— Task instructions —
Your task is to copy exactly the lines from the line containing "Beginners - Fxreviews.best" through the end of the listing below, with pictures left out.

Provided material section start

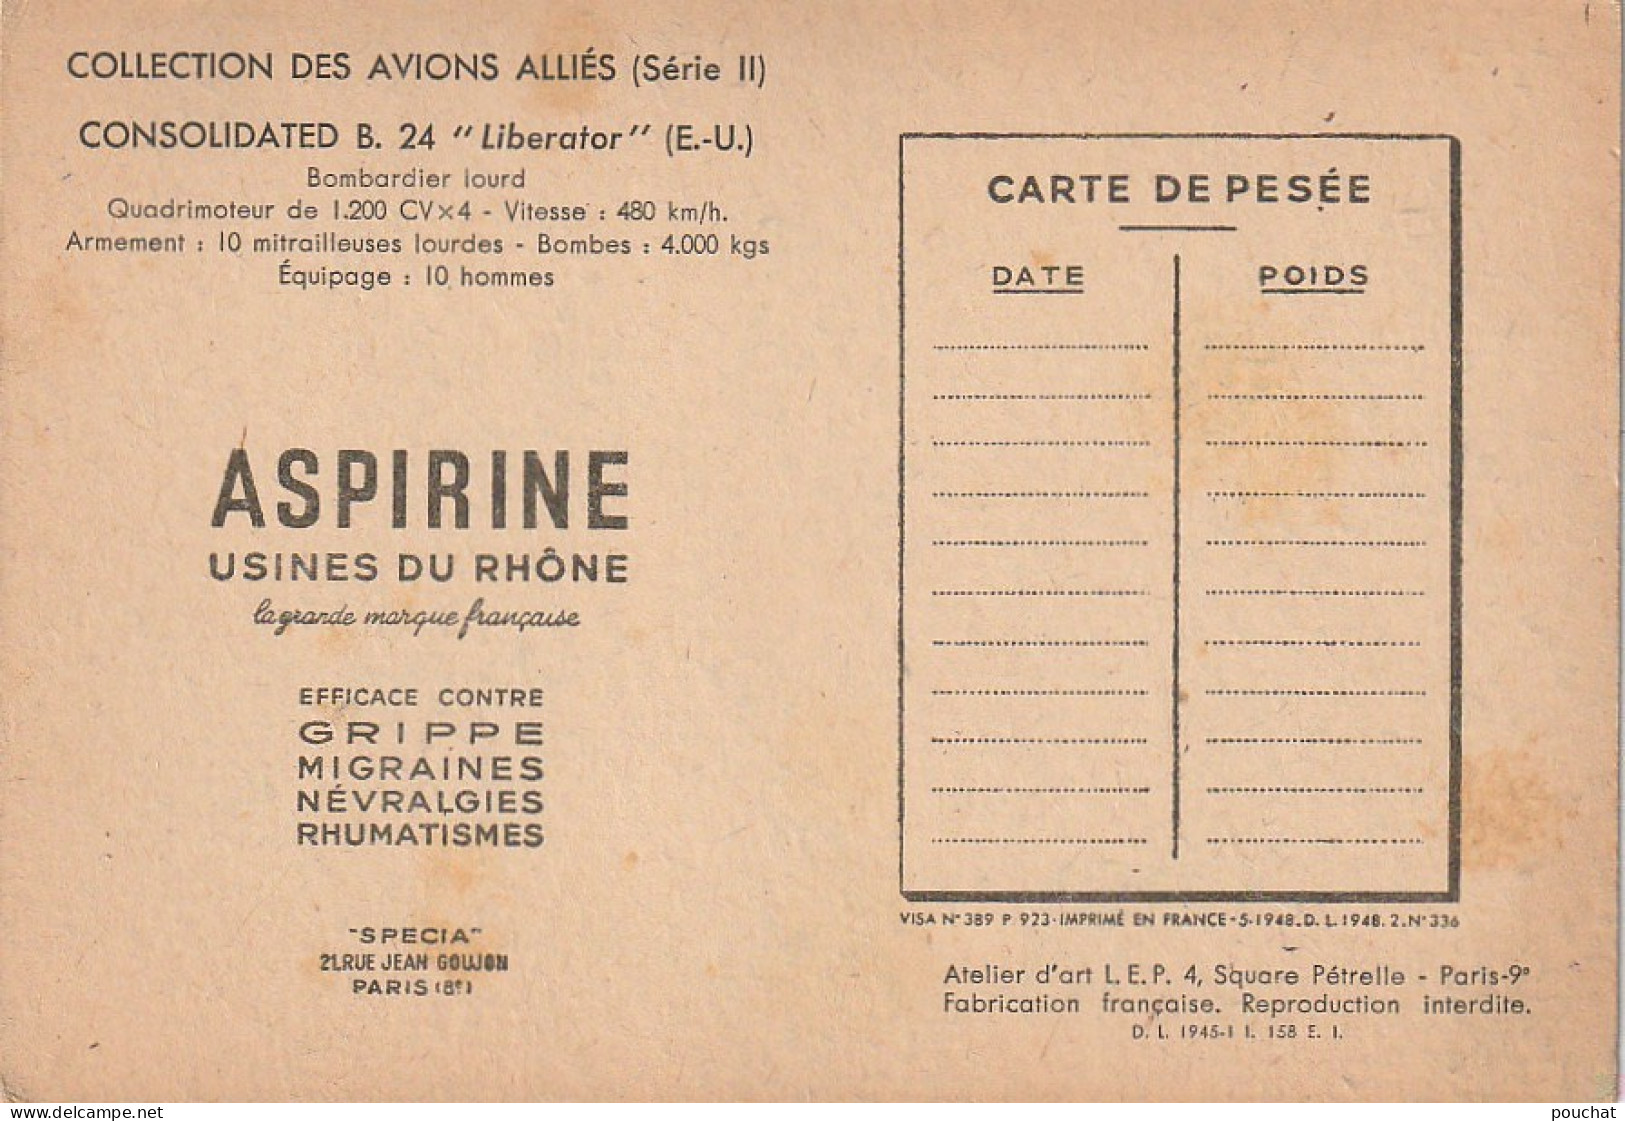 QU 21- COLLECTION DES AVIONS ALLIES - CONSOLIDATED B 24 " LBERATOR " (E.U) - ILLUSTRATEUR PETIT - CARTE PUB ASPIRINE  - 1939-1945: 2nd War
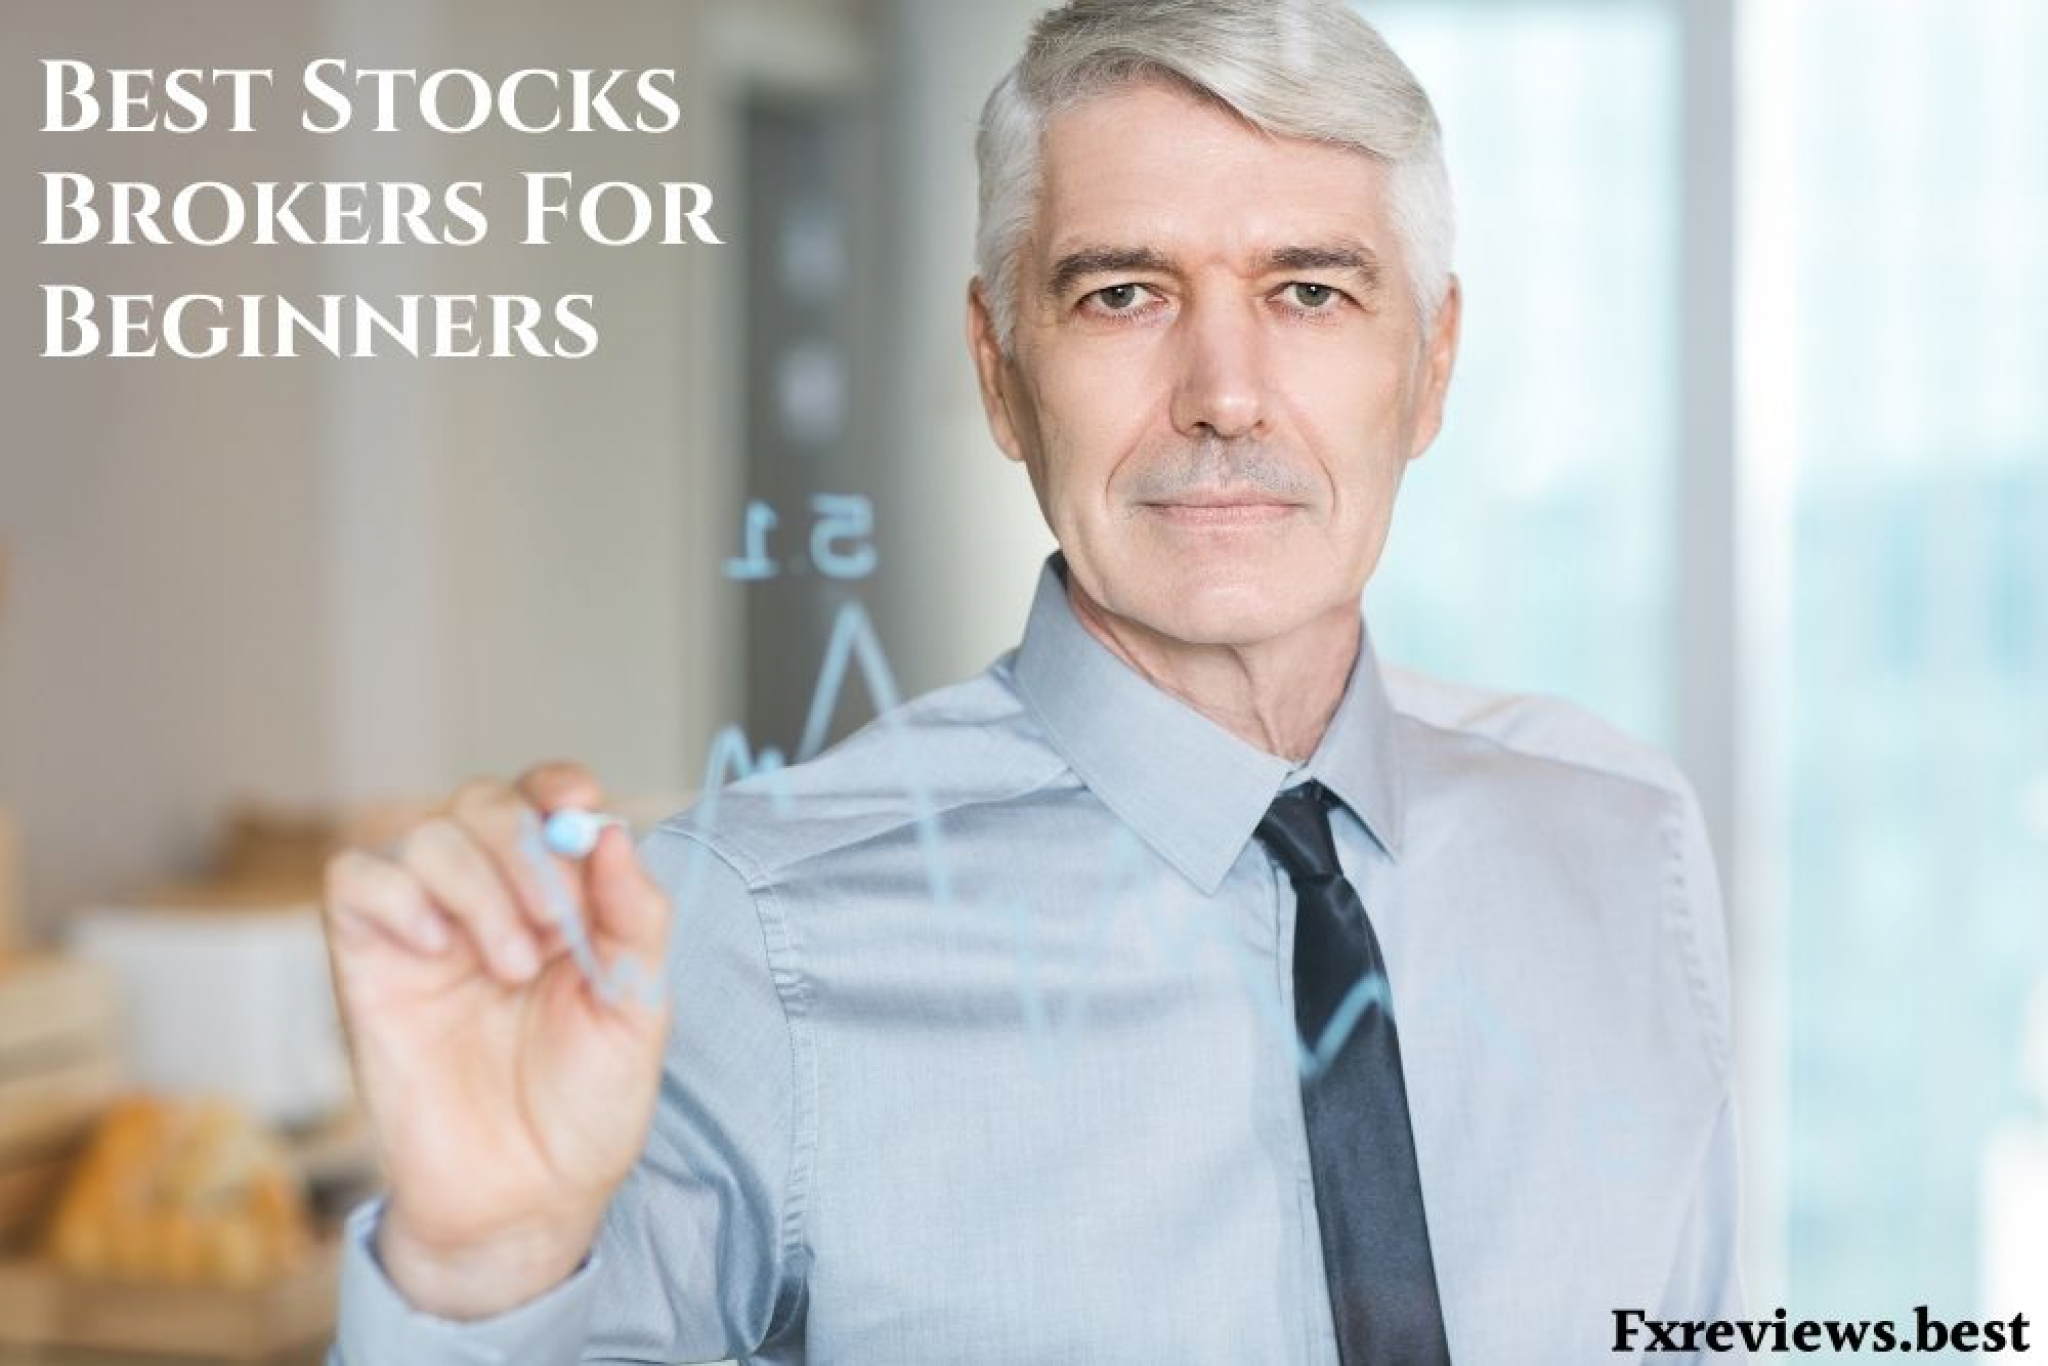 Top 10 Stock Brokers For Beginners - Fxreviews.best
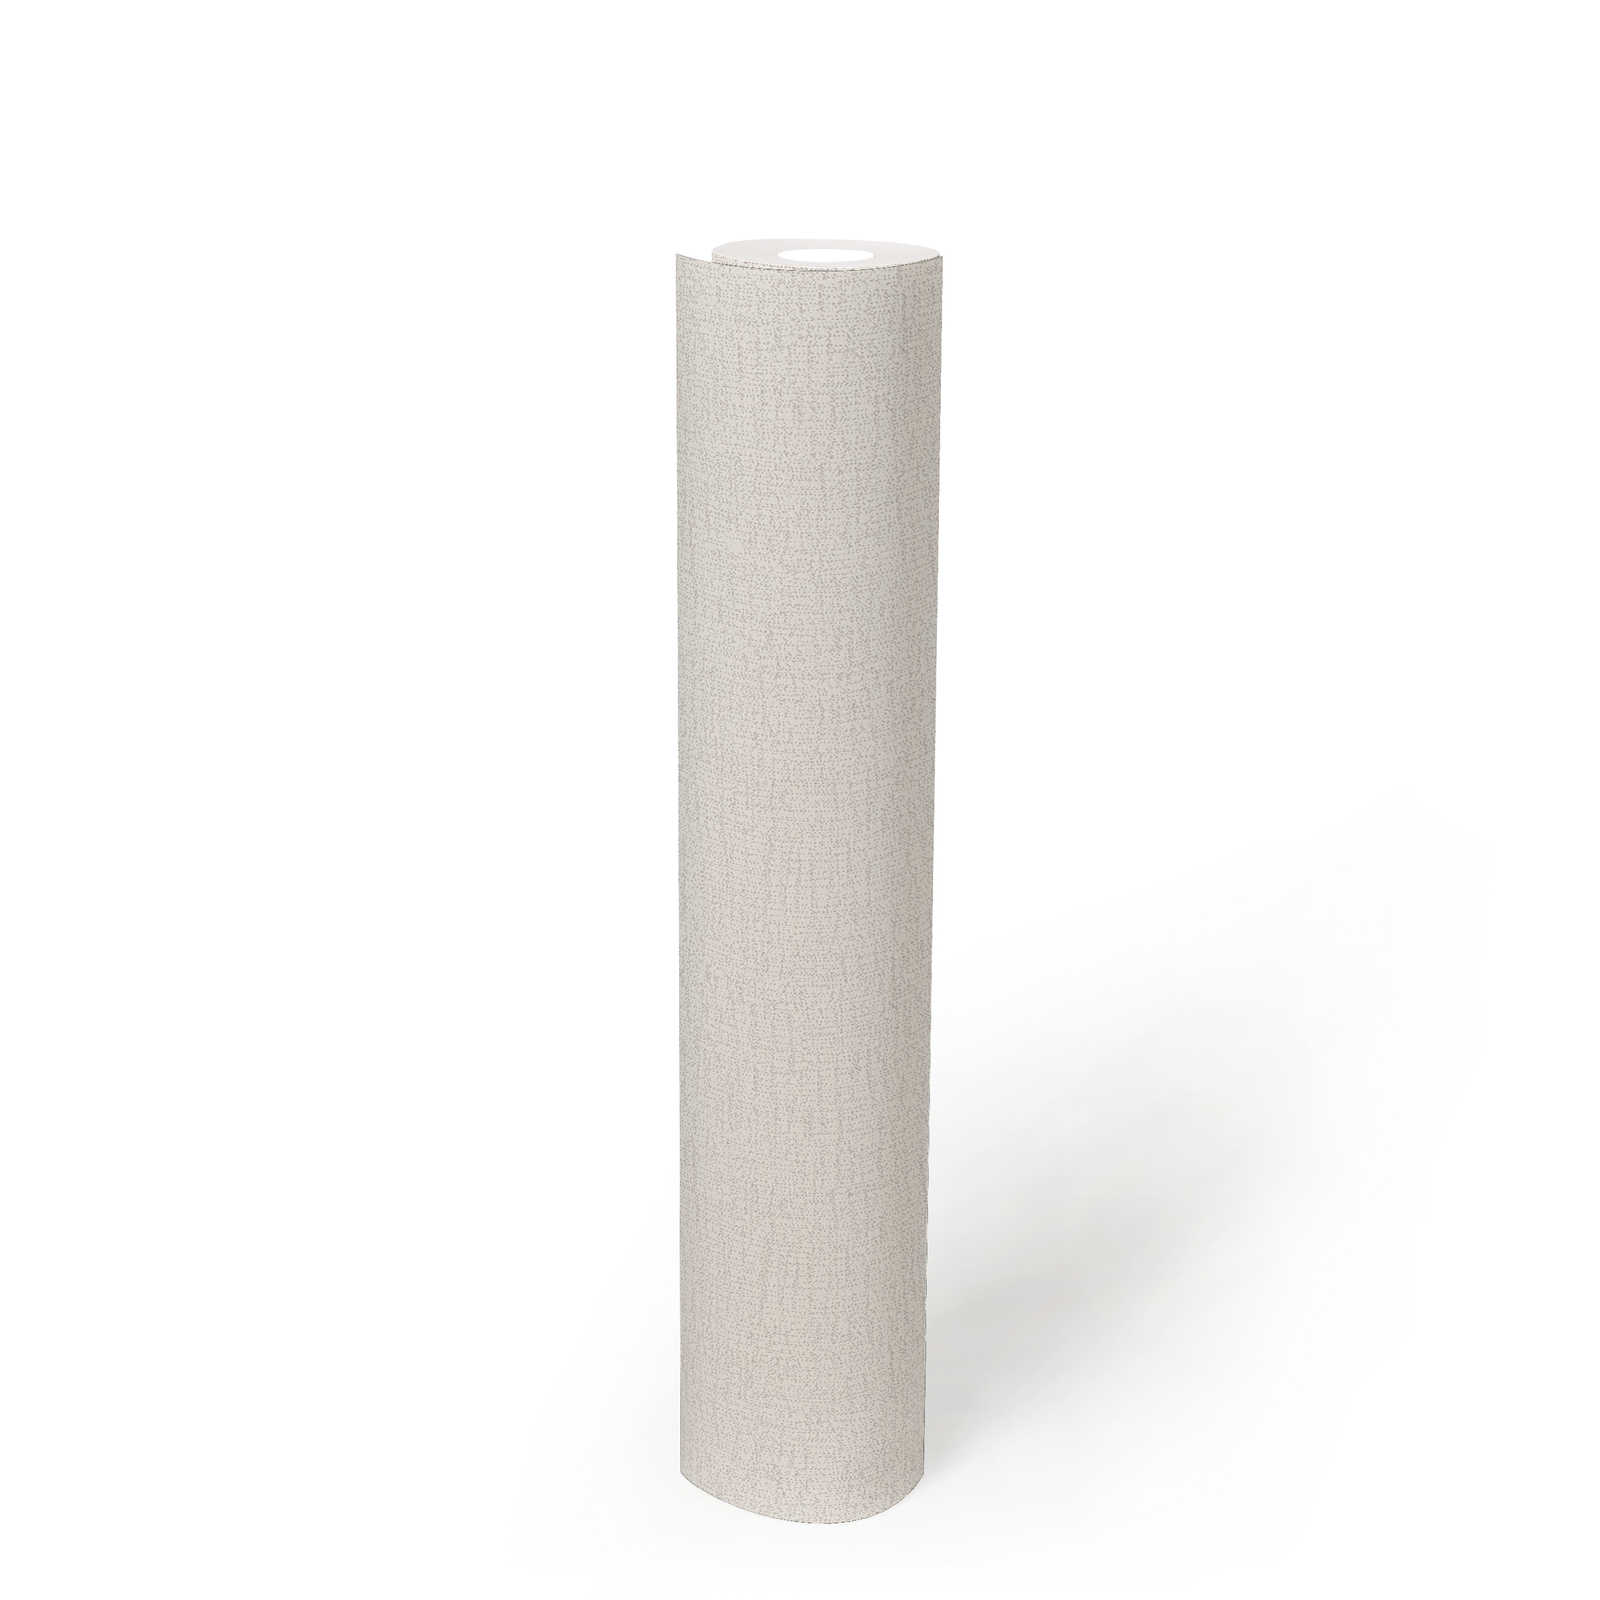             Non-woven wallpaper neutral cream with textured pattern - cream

Provided material section end

— Result of this exercise —
 Top 10 Stock Brokers For Beginners - Fxreviews.best
             Non-woven wallpaper neutral cream with textured pattern - cream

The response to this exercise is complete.